- Interactive map of Broward Estates, Florida
- Coordinates: 26°7′31″N 80°11′48″W﻿ / ﻿26.12528°N 80.19667°W
- Country: United States
- State: Florida
- County: Broward

Area
- • Total: 0.50 sq mi (1.3 km^{2})
- • Land: 0.50 sq mi (1.3 km^{2})
- • Water: 0 sq mi (0.0 km^{2})
- Elevation: 3.3 ft (1 m)

Population (2000)
- • Total: 3,416
- • Density: 6,611/sq mi (2,552.7/km^{2})
- Time zone: UTC-5 (Eastern (EST))
- • Summer (DST): UTC-4 (EDT)
- FIPS code: 12-08880
- GNIS feature ID: 1853237

= Broward Estates, Lauderhill, Florida =

Broward Estates was a census-designated place (CDP) in Broward County, Florida, United States. The population was 3,416 at the 2000 census. It now a neighborhood of Lauderhill. Residents of this neighborhood often refer to their neighborhood as "Parkway" as well, as it also contains Parkway Middle School.

==Geography==
Broward Estates is located at (26.125404, -80.196559).

According to the United States Census Bureau, the CDP has a total area of 1.3 km2, all land.

==Demographics==
Broward Estates first appeared as a census designated place in the 2000 U.S. census created from part of Browardale CDP. The CDP was annexed to the city of annexed to the city of Lauderhill prior to the 2010 U.S. census.

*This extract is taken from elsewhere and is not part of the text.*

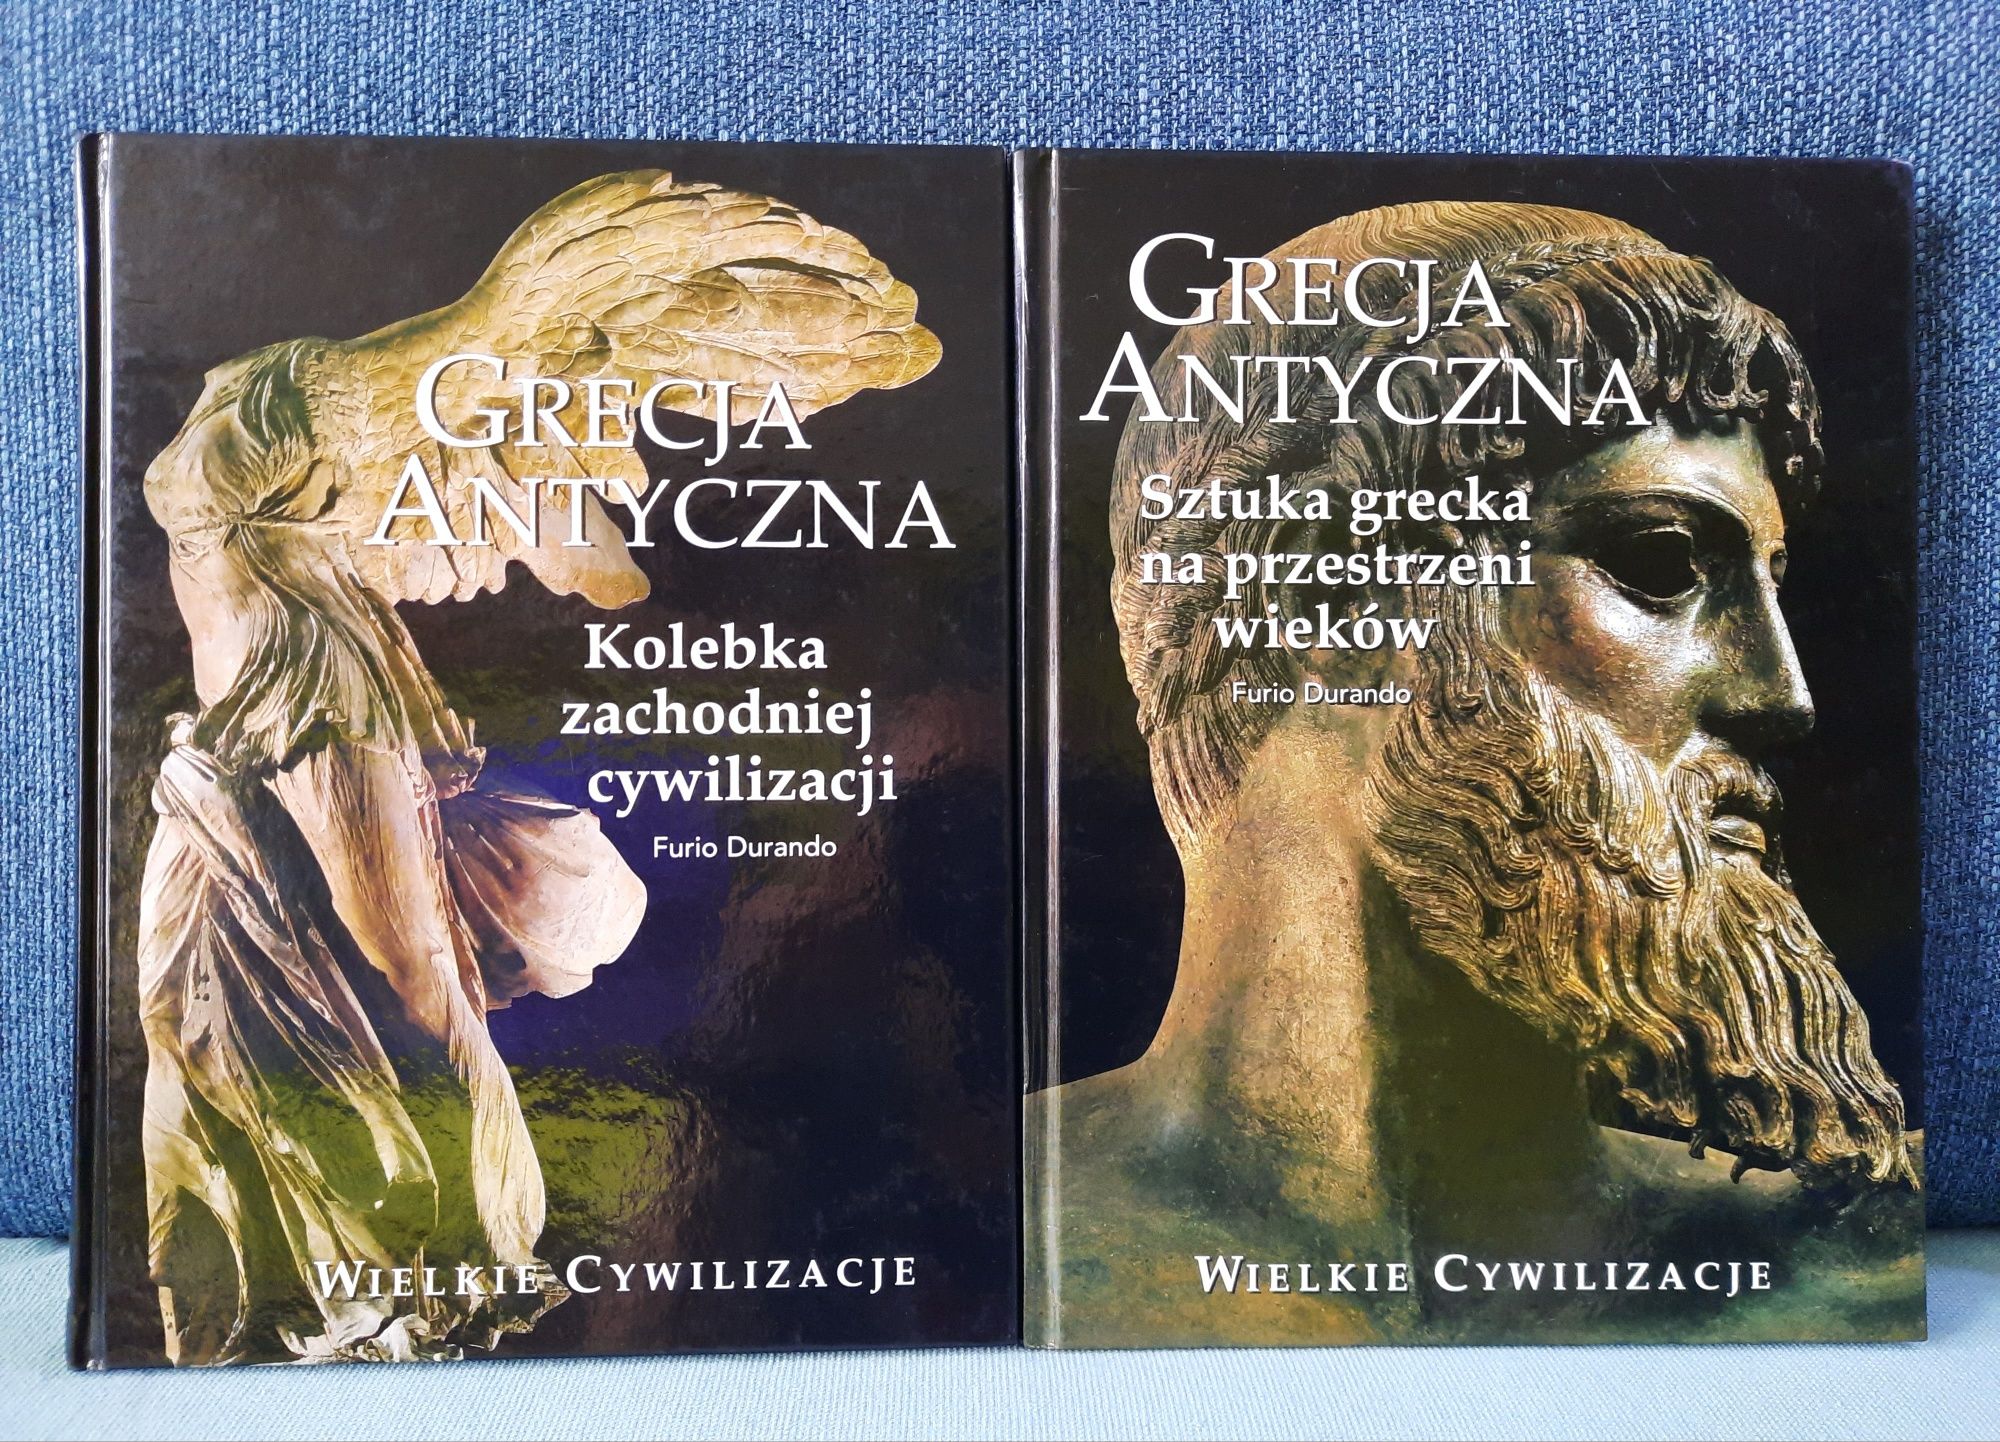 Grecja Antyczna, 2 tomy, seria Wielkie cywilizacje
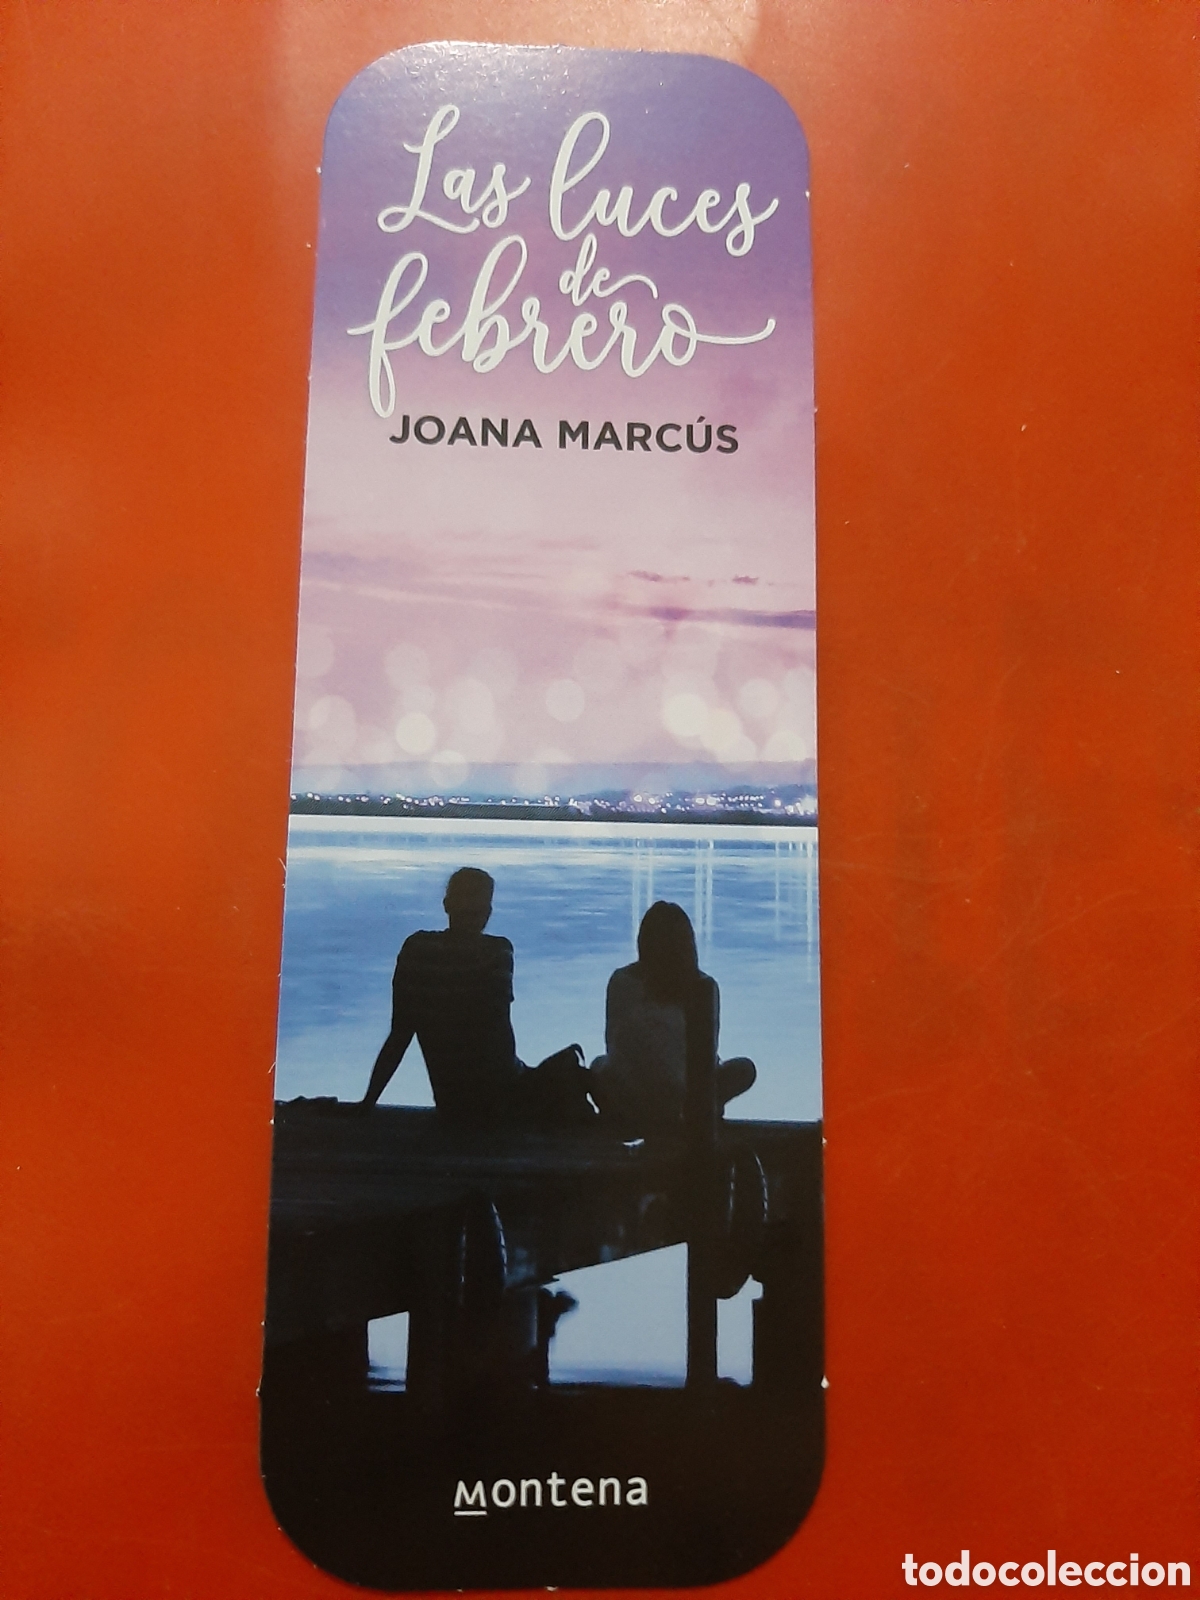 marcapaginas joana marcús, las luces de febrero - Buy Antique and  collectible bookmarks on todocoleccion

Broward Estates CDP, Florida – Racial and ethnic composition Note: the US Census treats Hispanic/Latino as an ethnic category. This table excludes Latinos from the racial categories and assigns them to a separate category. Hispanics/Latinos may be of any race.
| Race / Ethnicity (NH = Non-Hispanic) | Pop 2000 | 2000 |
|---|---|---|
| White alone (NH) | 19 | 0.56% |
| Black or African American alone (NH) | 3,288 | 96.25% |
| Native American or Alaska Native alone (NH) | 1 | 0.03% |
| Asian alone (NH) | 10 | 0.29% |
| Native Hawaiian or Pacific Islander alone (NH) | 0 | 0.00% |
| Other race alone (NH) | 4 | 0.12% |
| Mixed race or Multiracial (NH) | 52 | 1.52% |
| Hispanic or Latino (any race) | 42 | 1.23% |
| Total | 3,416 | 100.00% |

As of the census of 2000, there were 3,416 people, 993 households, and 831 families residing in the CDP. The population density was 2,536.4 /km2. There were 1,025 housing units at an average density of 761.1 /km2. The racial makeup of the CDP was 0.82% White, 96.96% African American, 0.03% Native American, 0.29% Asian, 0.32% from other races, and 1.58% from two or more races. Hispanic or Latino of any race were 1.23% of the population.

There were 993 households, out of which 28.6% had children under the age of 18 living with them, 43.1% were married couples living together, 32.6% had a female householder with no husband present, and 16.3% were non-families. 12.3% of all households were made up of individuals, and 4.3% had someone living alone who was 65 years of age or older. The average household size was 3.43 and the average family size was 3.70.

In the CDP, the population was spread out, with 31.7% under the age of 18, 7.6% from 18 to 24, 24.2% from 25 to 44, 25.4% from 45 to 64, and 11.1% who were 65 years of age or older. The median age was 34 years. For every 100 females, there were 87.6 males. For every 100 females age 18 and over, there were 82.7 males.

The median income for a household in the CDP was $37,298, and the median income for a family was $38,712. Males had a median income of $26,726 versus $24,360 for females. The per capita income for the CDP was $12,471. About 23.3% of families and 23.2% of the population were below the poverty line, including 28.9% of those under age 18 and 25.5% of those age 65 or over.

As of 2000, English as a first language accounted for 98.31% of all residents, while Spanish made up 1.68% of the population.